2.9 Conclusion

2.9.1 Summary table

Let’s recap all five of the five named graphs (5NG) in Table 2.4 summarizing their differences. Using these 5NG, you’ll be able to visualize the distributions and relationships of variables contained in a wide array of datasets. This will be even more the case as we start to map more variables to more of each geometric object’s aesthetic attribute options, further unlocking the awesome power of the ggplot2 package.

TABLE 2.4: Summary of Five Named Graphs
Named graph Shows Geometric object Notes
1 Scatterplot Relationship between 2 numerical variables geom_point()
2 Linegraph Relationship between 2 numerical variables geom_line() Used when there is a sequential order to x-variable, e.g., time
3 Histogram Distribution of 1 numerical variable geom_histogram() Facetted histograms show the distribution of 1 numerical variable split by the values of another variable
4 Boxplot Distribution of 1 numerical variable split by the values of another variable geom_boxplot()
5 Barplot Distribution of 1 categorical variable geom_bar() when counts are not pre-counted, geom_col() when counts are pre-counted Stacked, side-by-side, and faceted barplots show the joint distribution of 2 categorical variables

2.9.2 Function argument specification

Let’s go over some important points about specifying the arguments (i.e., inputs) to functions. Run the following two segments of code:

# Segment 1:
ggplot(data = flights, mapping = aes(x = carrier)) +
geom_bar()

# Segment 2:
ggplot(flights, aes(x = carrier)) +
geom_bar()

You’ll notice that both code segments create the same barplot, even though in the second segment we omitted the data = and mapping = code argument names. This is because the ggplot() function by default assumes that the data argument comes first and the mapping argument comes second. As long as you specify the data frame in question first and the aes() mapping second, you can omit the explicit statement of the argument names data = and mapping =.

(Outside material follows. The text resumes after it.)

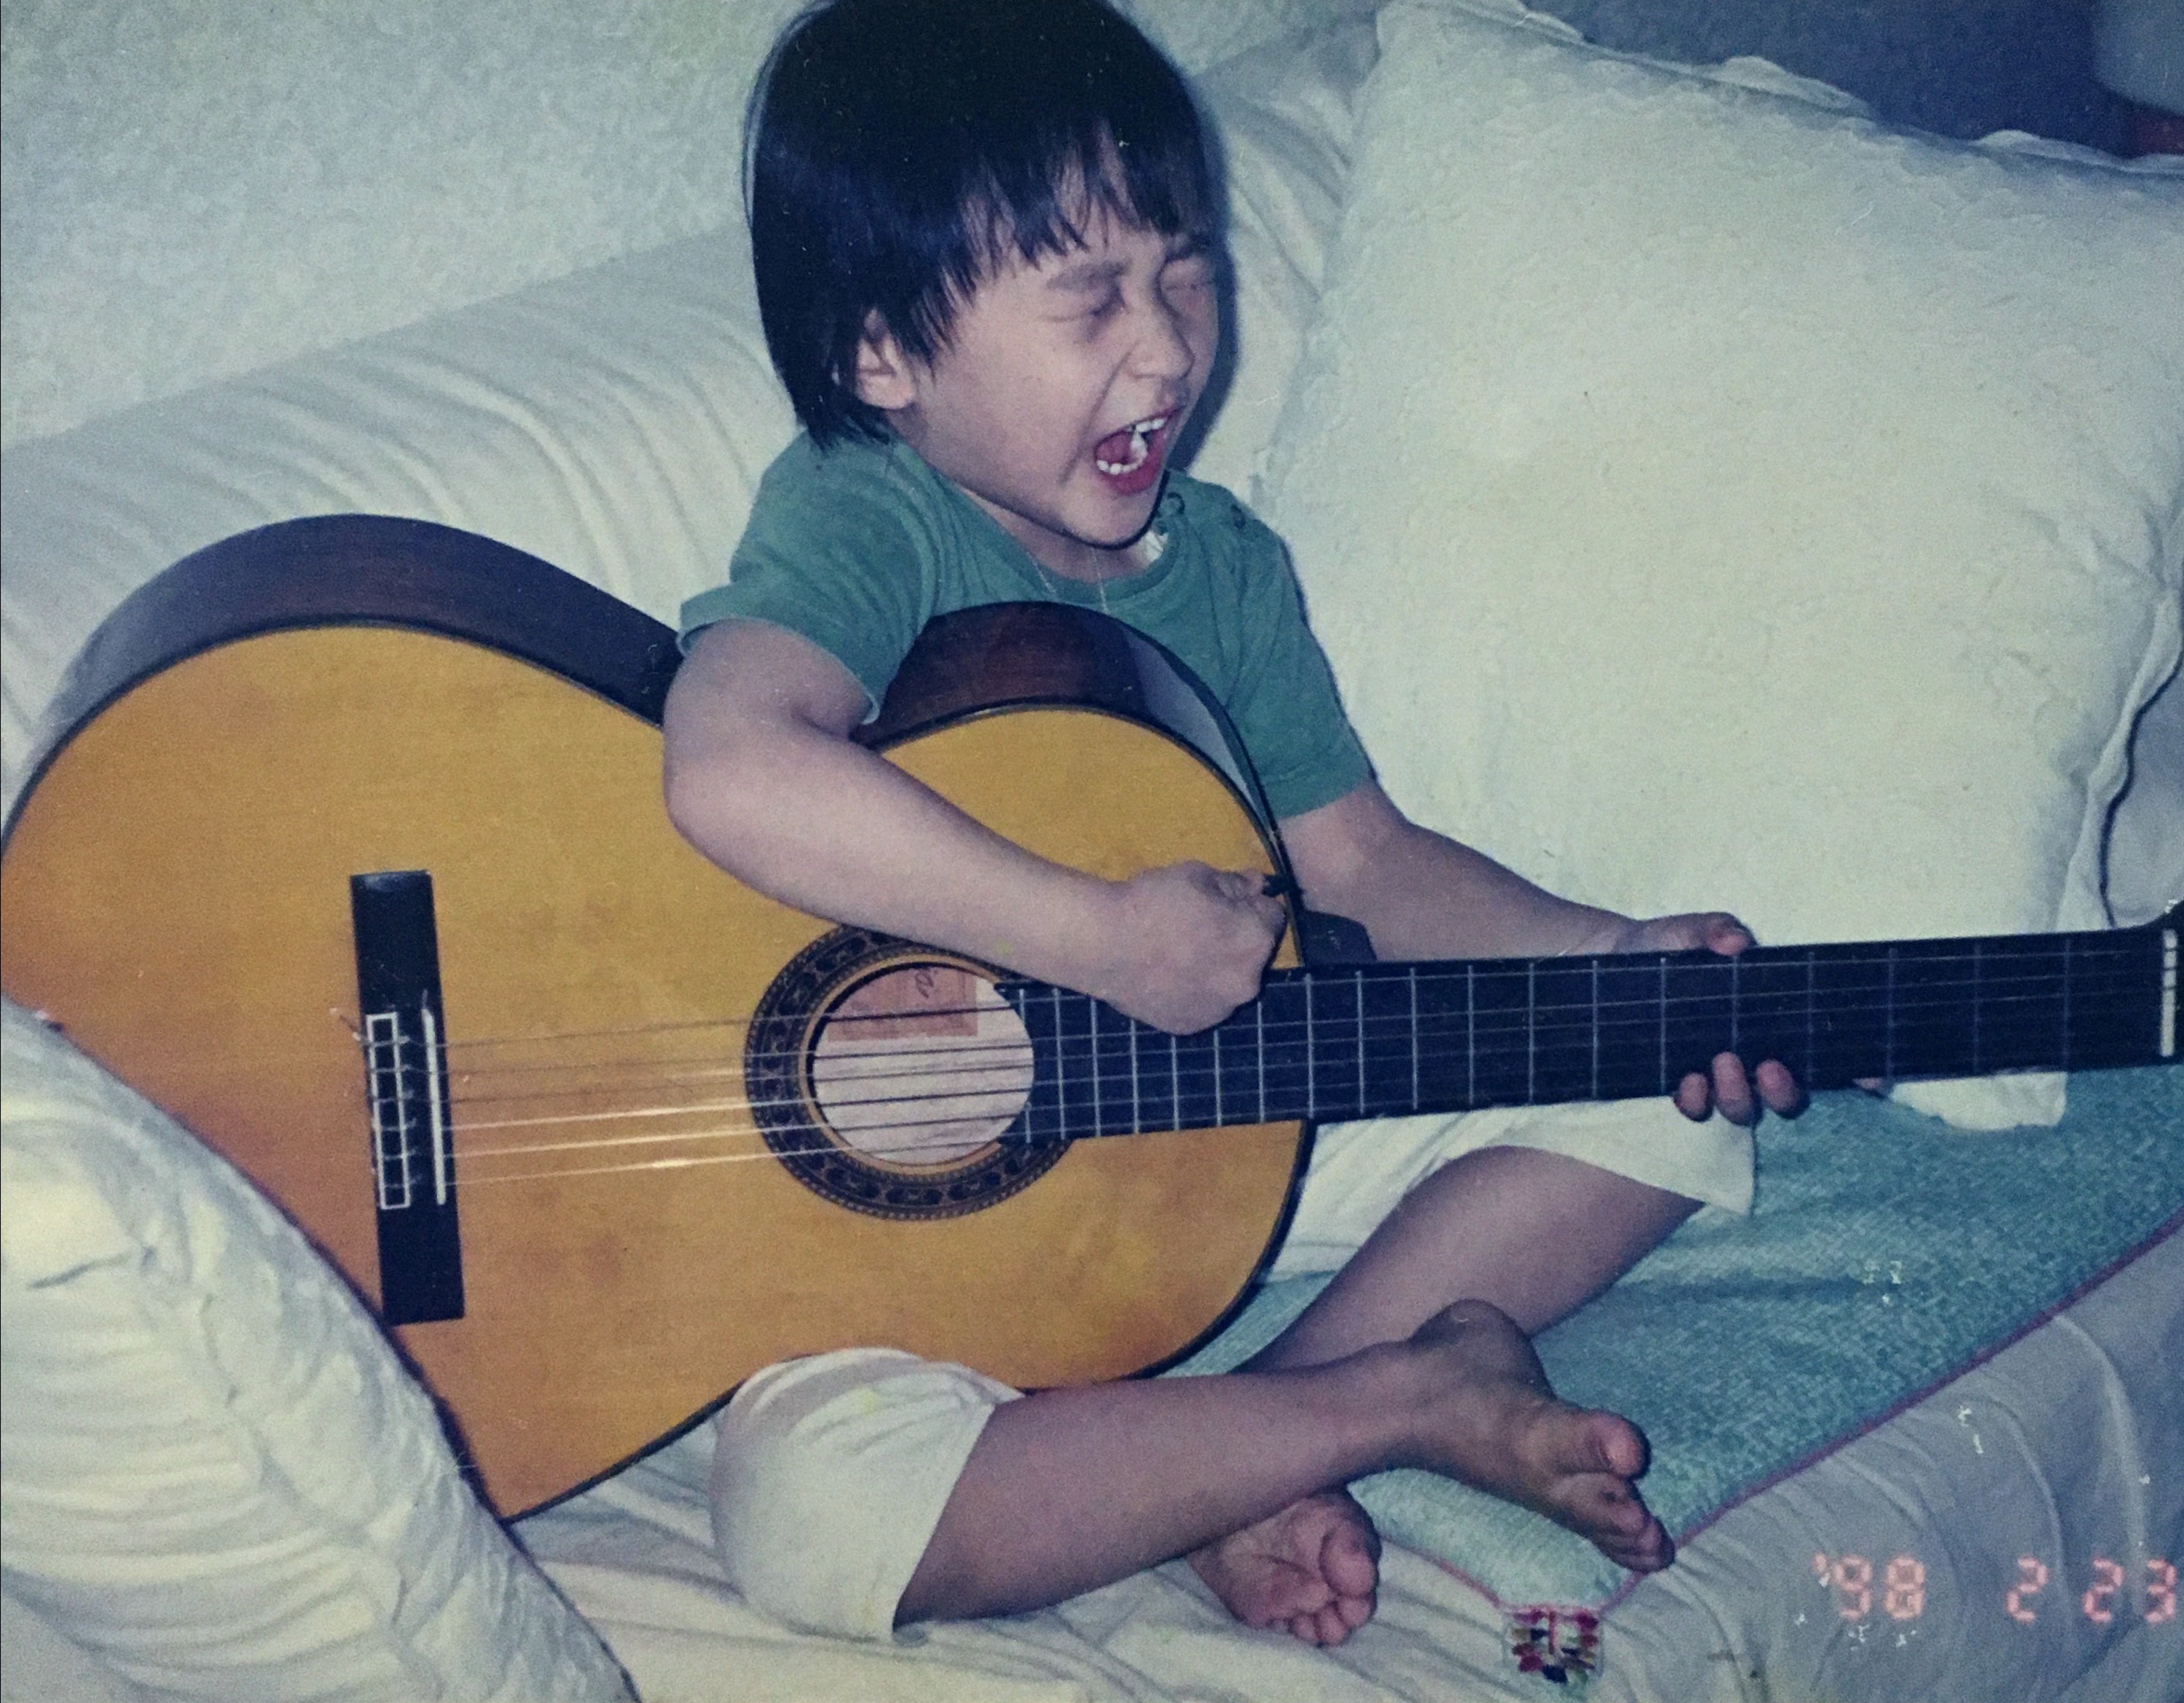 My cute babe. She’s playing guitar.  This photo was taken 17years ago.

Going forward for the rest of this book, all ggplot() code will be like the second segment: with the data = and mapping = explicit naming of the argument omitted with the default ordering of arguments respected. We’ll do this for brevity’s sake; it’s common to see this style when reviewing other R users’ code.

An R script file of all R code used in this chapter is available here.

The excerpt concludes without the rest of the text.